Too long and it busted.


"Ode To the Grasshoppers," The Ogden Junction (Ogden, Utah), 16 Sept 1876, p. 8.


Insect or reptile winged! Whate'er thou art

Thou claimest thy share, and takest more than thy part.

Gorging on vegetation, fresh and green---

Thy body is a wonderful machine.

Within elastic, without, iron-clad,

Thy purpose diabolically bad---

On plunder and destruction thou art bent,

Devouring all, with little not content.

Thy sight is quick, thy tiny eyes like fire

Peer into nature as if to defy her.

A terror to the farmer and his crops

Thy reign commenced, uncertain when it stops,

Thy music is no better than a dirge---

Thou art at best, a sad, distressing scourge---

A beast of destruction sweeping fields

And lovely valleys every foot that yields.

Thy numbers, countless too, as grains of sand

Spread o'er the verdant surface of the land,

Or swarm in myriads on the horizon,

Filling the air and darkening the sun,

Then falling like an army on the grain

Consuming to consume till all is slain.

Bold and defiant, coming not by stealth,

Robbing the poor man of his hard-earned wealth

And preying on the choicest plants and fruits

Eating the tendrils off into the roots,

Crowding the trees and hanging on like leeches,

To apples, pears, plums, apricots and peaches,

Stripping the branches of their bark and leaves---

Midnight assassins! ye, and daylight thieves.

I cannot greet thee with more pleasant rhymes

So hence, ye locusts, on to other climes!

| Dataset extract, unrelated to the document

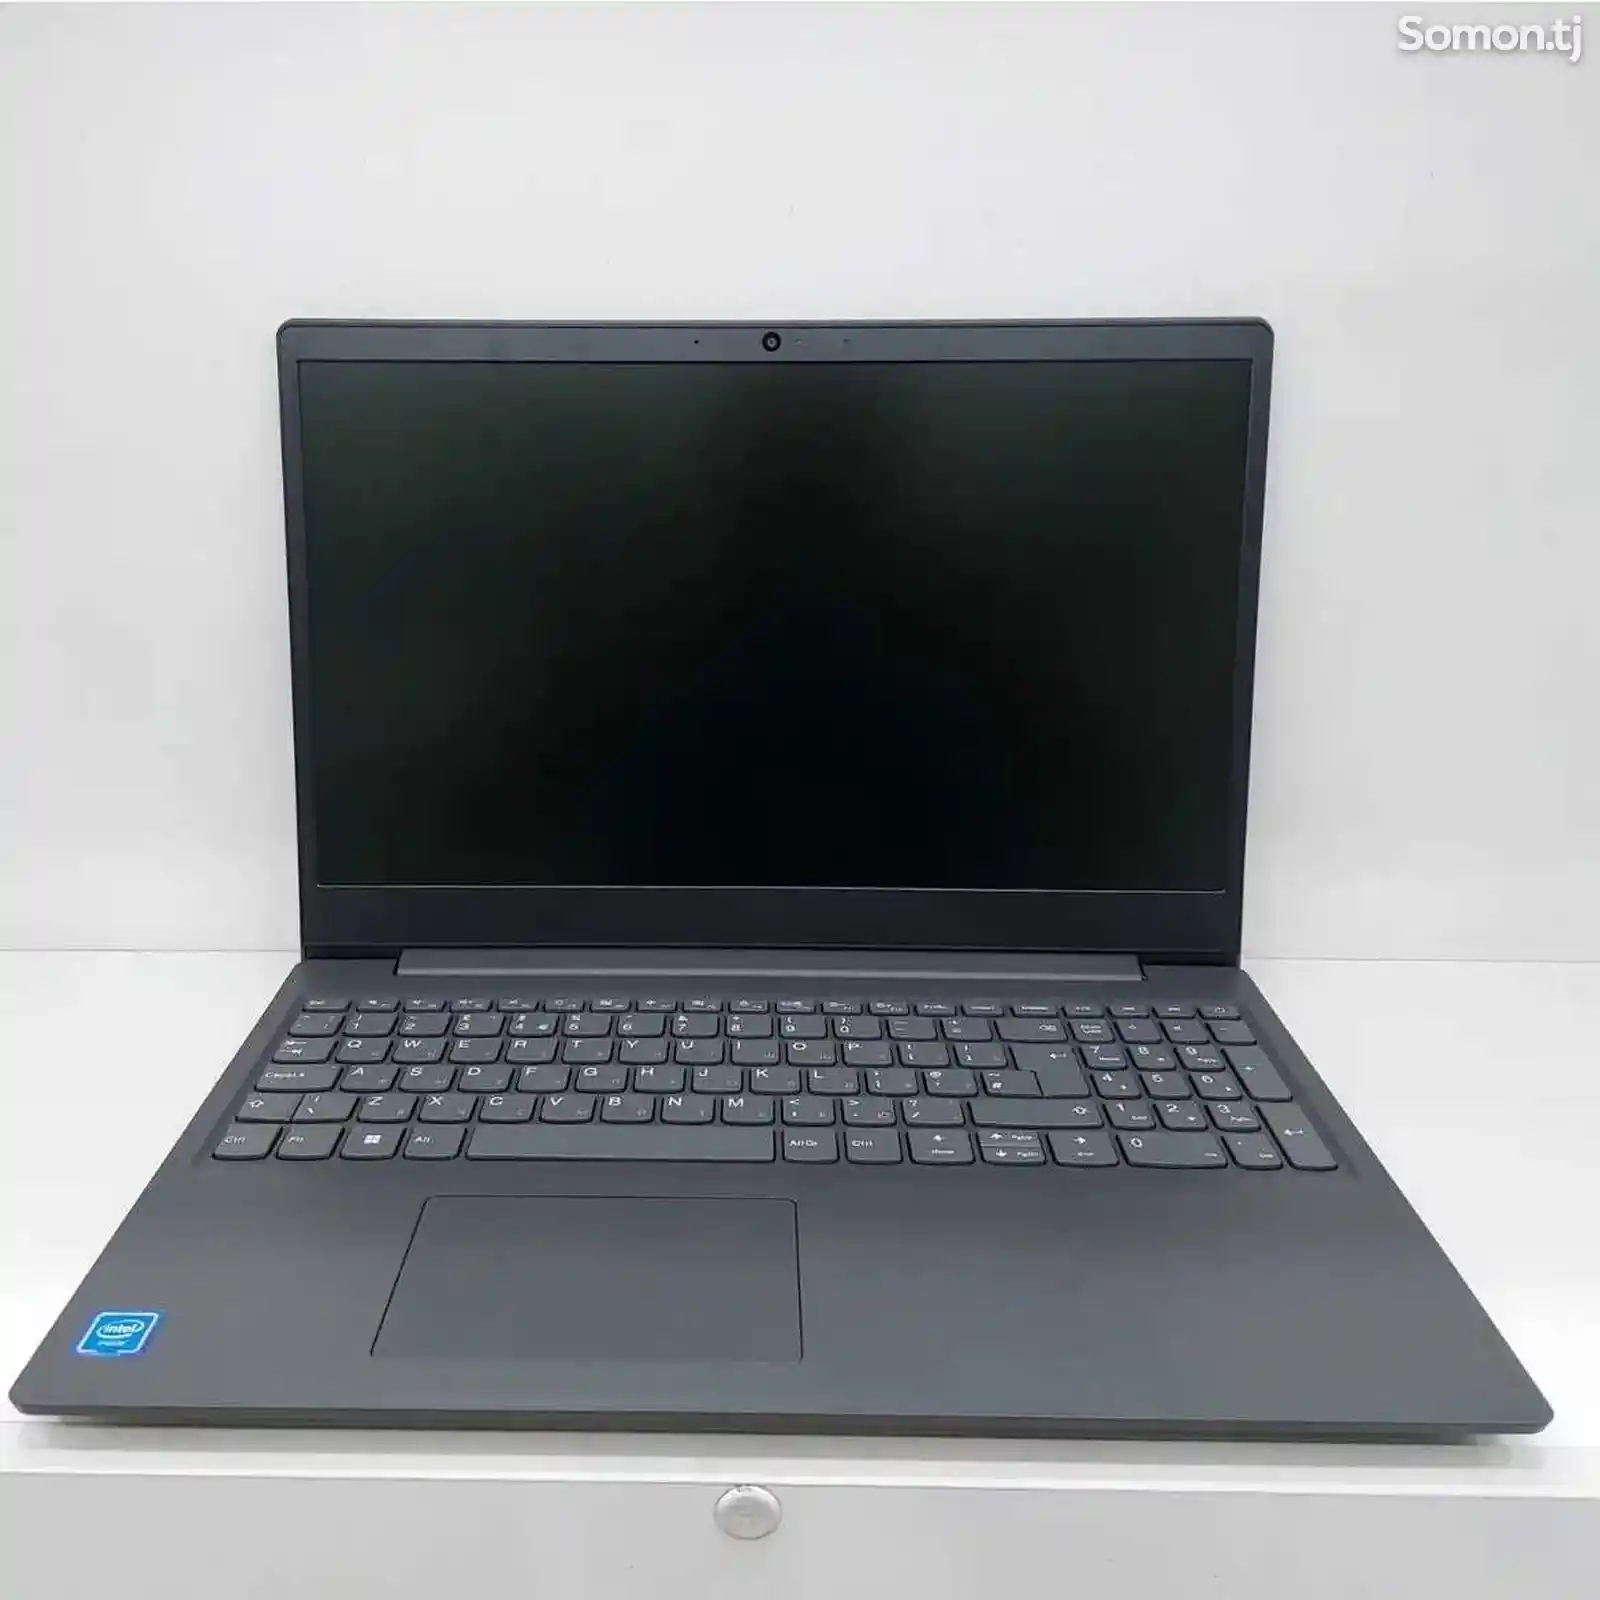 Ноутбук Lenovo V15 4GB 256GB SSD 2CELL intel N4020 чёрный цвет- ноутбук-1

The sum of your existence I would find---

For what you were created and designed.

I would not make a rash or cruel wish

For bird or insect, animal or fish,

But thou I do detest, thy race I abhor

Unconquerable, insatiable, grasshopper!


"The Ten Little Grasshoppers," The Manitowoc Tribune (Manitowoc, Wisconsin), 28 March 1878, p. 1.


Ten little grasshoppers,

Sitting on a vine;

One ate too much green corn,

Then there were nine.


Nine little grasshoppers,

Just the size for bait;

A little boy went fishing,

Then there were but eight.


The poem continued in a countdown, until the last stanza:


One little grasshopper,

Chirped good-bye at the door;

Said he'd come next summer, with nine million more.



By 1901, long after these poems were written, the U.S. government had done a lot of research into the grasshopper scourge. The article above is from the Philadelphia Inquirer.

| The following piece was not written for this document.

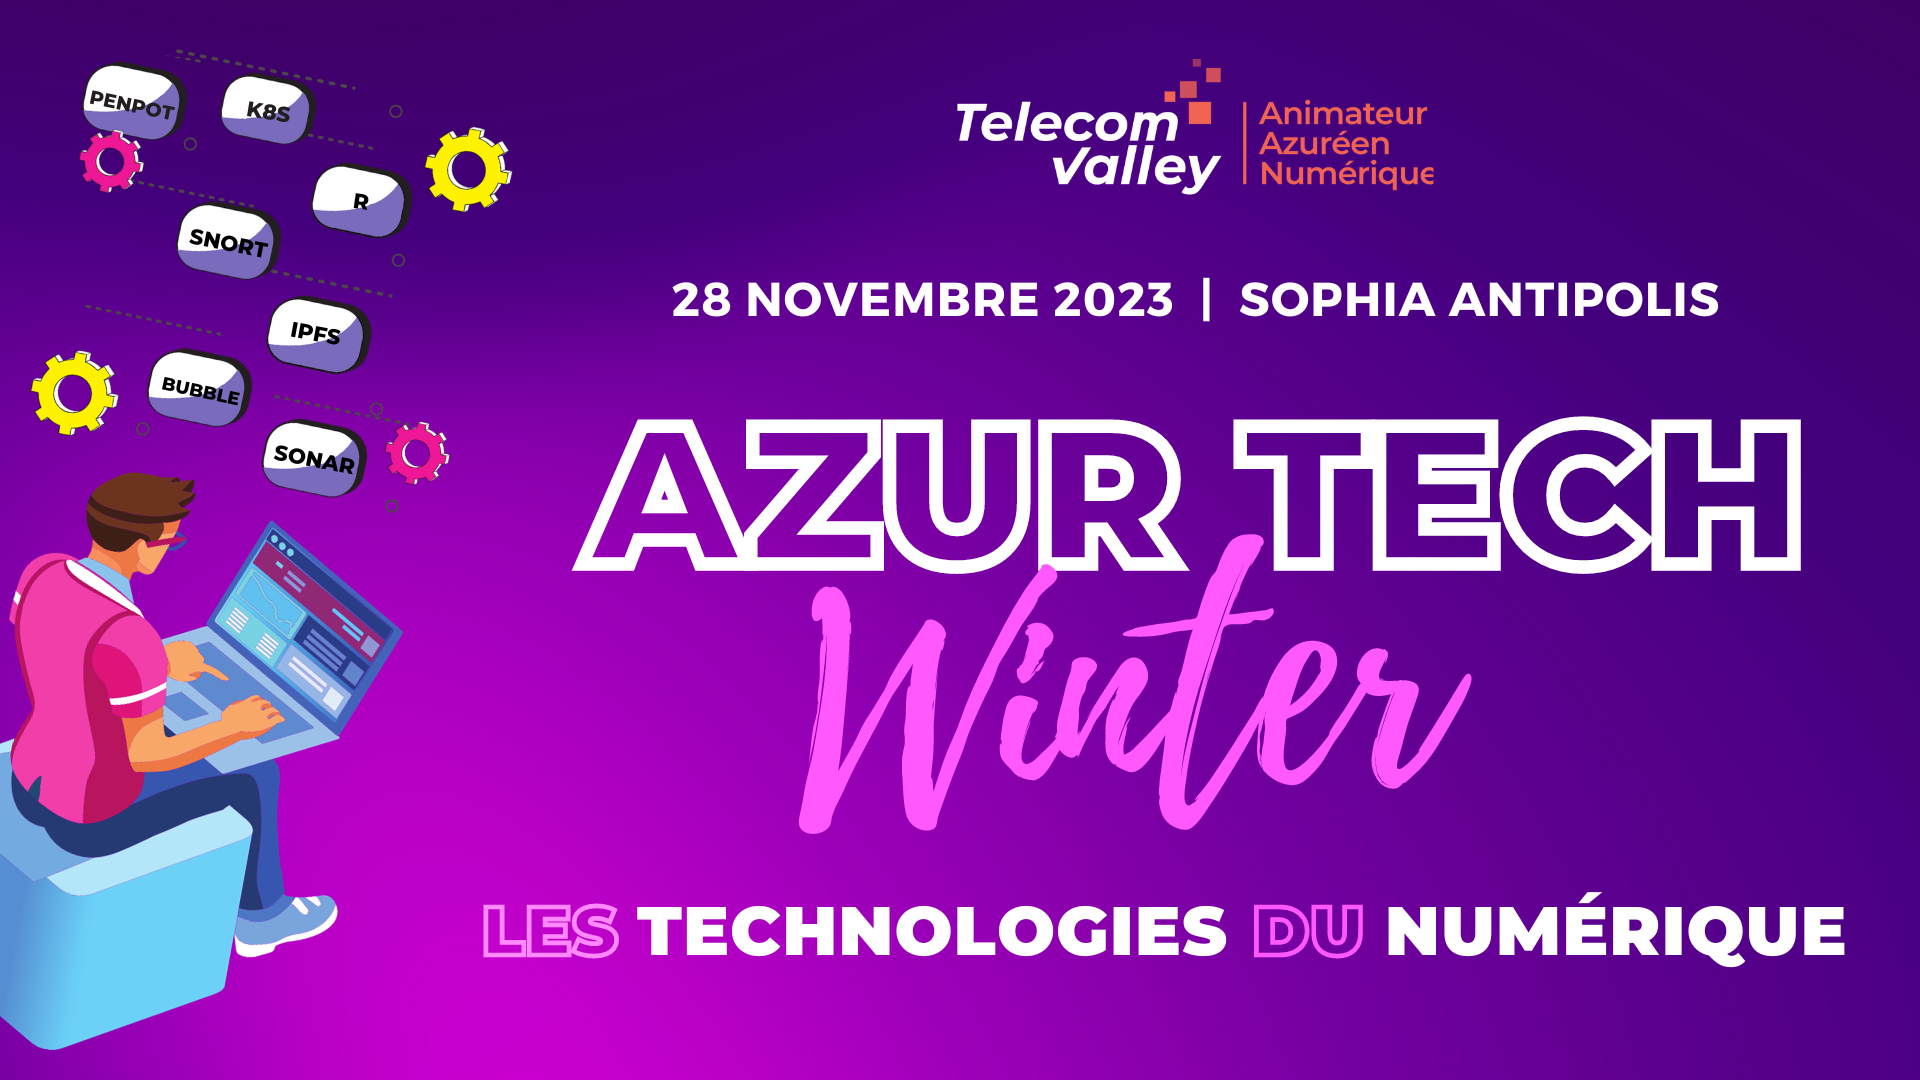 Azur Tech Winter 2023

Simmons, Charlotte. “Grasshopper Corn,” Kansas State Register (Spring Hill, Kansas), 20 July 1878


On toward the village drove good Farmer Brown

With his young roan and old dapple gray;

With a “Steady there, Roan,” or a, “Dapple, get up,”

He cheerily guided the way.

He had willingly worked with his toil-hardened hands

All that frosty but bright winter morn

His wagon was heaped with the rich golden ears,

But alas! It was grasshopper corn. 


Now the coat that covered his big burly form

Was a many-patched, coarse, homespun blue,

But the heart that throbbed under, and lit the gray eyes

Were affectionate, honest and true. 

He had toiled through discouragements early and late

By the christian faith always upborn;

But harvest had come, he was reaping at last,

But oh! It was grasshopper corn.


His good wife had told him the evening before

That the coal oil and coffee were low,

That the sugar was out, as were little Tom’s toes,

And they needed some stocking yarn too;

That Mary and Susie should have a new dress;

Neddy’s trousers were looking forlorn.

“I’ll get all I can,” he said with a sigh,

“But we’ve nothing but grasshopper corn.”


“And Papa,” the youngest child coaxingly said,

As she climbed to her place on his knee.

“Tomorrow is Christmas, and oh! can’t you get

Some candy for brother and me?

“We’d hang up our stockings, as we did long ago,

Although they are very much worn.

But mamma has told us, ‘twould be of no use,

When we’ve nothing but grasshopper corn.


     There were four more stanzas – and it wasn’t a happy ending. Farmer Brown could find no one willing to pay more than ten cents a bushel, so he did not sell his corn. In the last stanza, the poet, Charlotte Simmons, admonished readers to “Think of the wants in the homes of the poor,” and pay more than ten cents a bushel for corn. The editor said she was a local woman. The poem was a second printing, by request, and the editor hoped it would inspire people not to be extravagant, but to lay aside savings to meet “similar panics of partial or total starvation.” 

     The next poem was written by a southerner, not someone who witnessed the horrific effects of the “grasshopper days.” A decade after that time, The Coffeyville, Kansas newspaper editor must have thought readers were ready for a pleasant nature poem about the creatures. 


Hayne, William H. “The Grasshopper,” Coffeyville Weekly Journal (Coffeyville, Kansas), 23 Aug 1884, p. 1. 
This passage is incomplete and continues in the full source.